Publié le 14/05/2023 à 16:58 - Mise à jour le 14/05/2023 à 16:58

À l’école Nuutafaratea de Mataiea, 22 élèves de 3ème du collège Tinomana Ebb ont animé 6 ateliers de lecture en reo Tahiti à 140 élèves de maternelle. Un projet mené à bien grâce aux équipes pédagogiques du secondaire et du primaire, soucieux de la place de la culture et plus particulièrement de la langue tahitienne.

Allier lecture et langue polynésienne, c’est possible grâce au projet école-collège de Teva i Uta. « C’est une joie pour nous parce que quand ils (les maternelles, Ndlr) ne sont pas réactifs, on a un peu honte. Alors que quand on les voit être réactifs, sourire et être heureux, on est vraiment contents. C’est vraiment bien » confie Haina, élève de 3ème. « Ils arrivent à comprendre ce qu’on dit, ça veut dire qu’ils écoutent bien et quand on travaille le jeu, ça leur fait travailler la mémoire. Et comme on est déjà venu la dernière fois, on peut voir qu’ils ont retenu beaucoup de choses » ajoute Matairea, élève de 3ème.

Agrégé en langue tahitienne est pressenti pour être ministre de l’Éducation du gouvernement Brotherson, leur professeur de reo Tahiti Ronny Teriipaia – Naia explique : « Une langue vivante, c’est fait pour parler et non pour rester dans les murs de l’enceinte d’une école. C’est la raison pour laquelle mes élèves interviennent auprès des élèves de maternelle pour pouvoir utiliser la langue. (…) Ça fait partie d’un des sujets qu’ils vont présenter à l’oral du DNB. Cette épreuve se fait en tahitien et en français. On espère que dans les temps futurs, ça pourrait se faire qu’en tahitien. C’est mon souhait ».
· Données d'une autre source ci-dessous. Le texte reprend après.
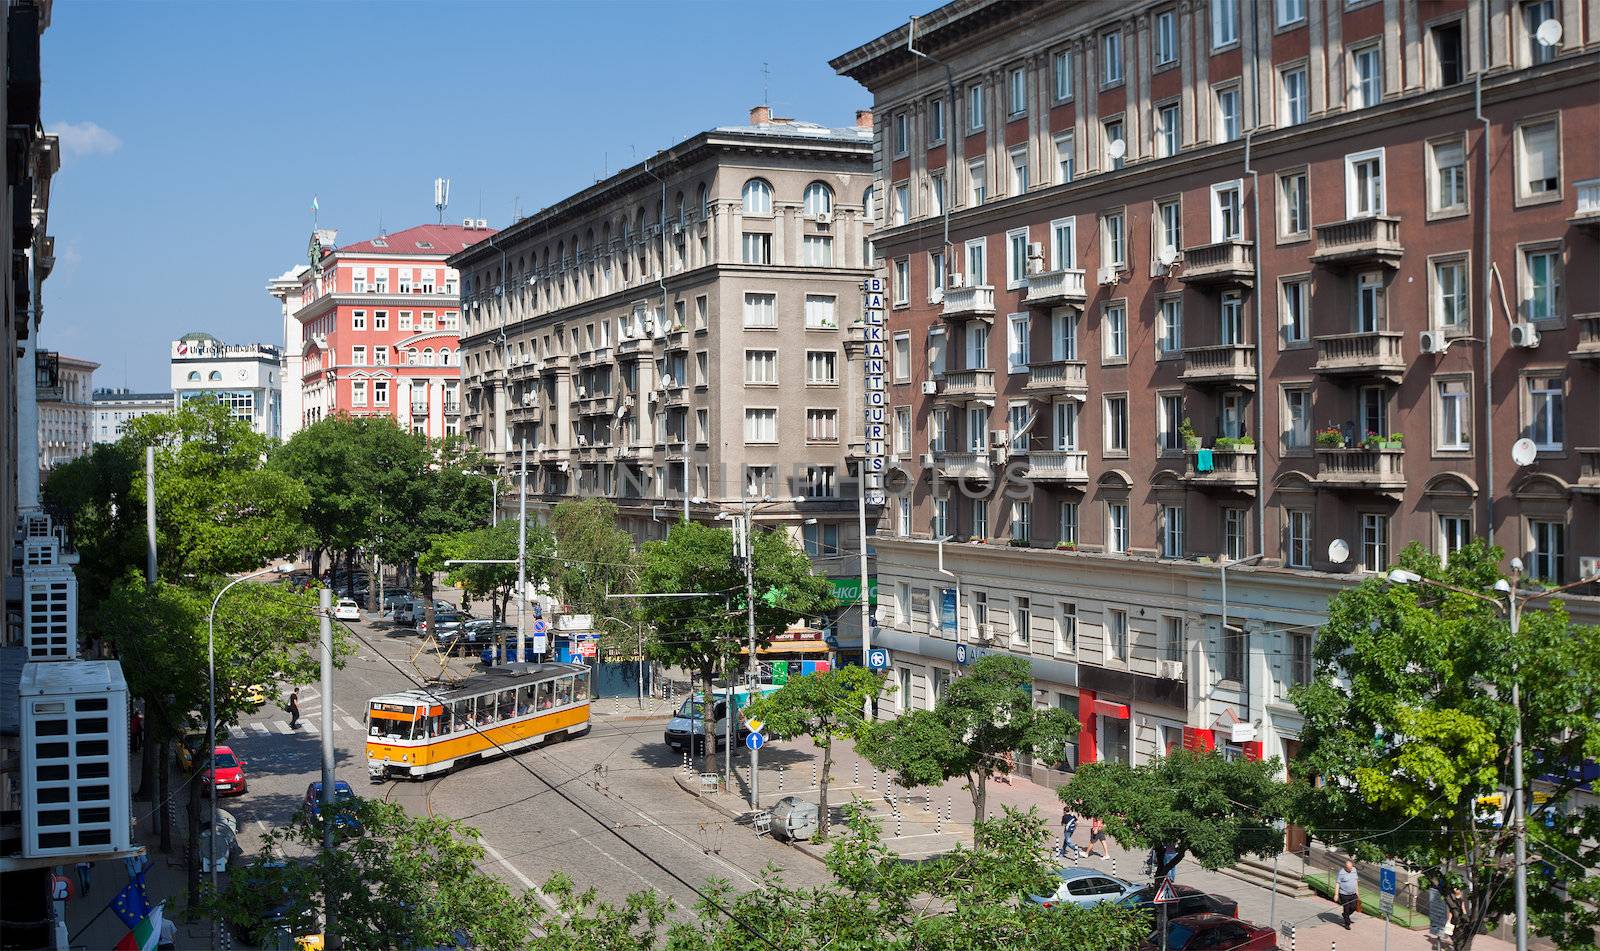 SOFIA, BULGARIA - JUNE 25: General street view of "General Dondukov" blv. with a tram in Sofia, Bulgaria - June 25, 2013 .

Du côté de l’équipe éducative de l’école de Nuutafaratea, le sentiment est réciproque. « Ce genre de projet sert à renforcer ce lien entre la langue et nous. C’est vraiment important et donc il faut que ça continue ainsi » déclare Lindsey Tehetia, contractuelle. « Les collégiens viennent lire une histoire, mais derrière, ils ont créé des petits jeux et ça a permis à des élèves de certainement mémoriser des structures de phrases, des mots de vocabulaire, parce que le but, c’était de parler notre langue polynésienne » indique Mickaella Duhaze, directrice de l’école Nuutafaratea.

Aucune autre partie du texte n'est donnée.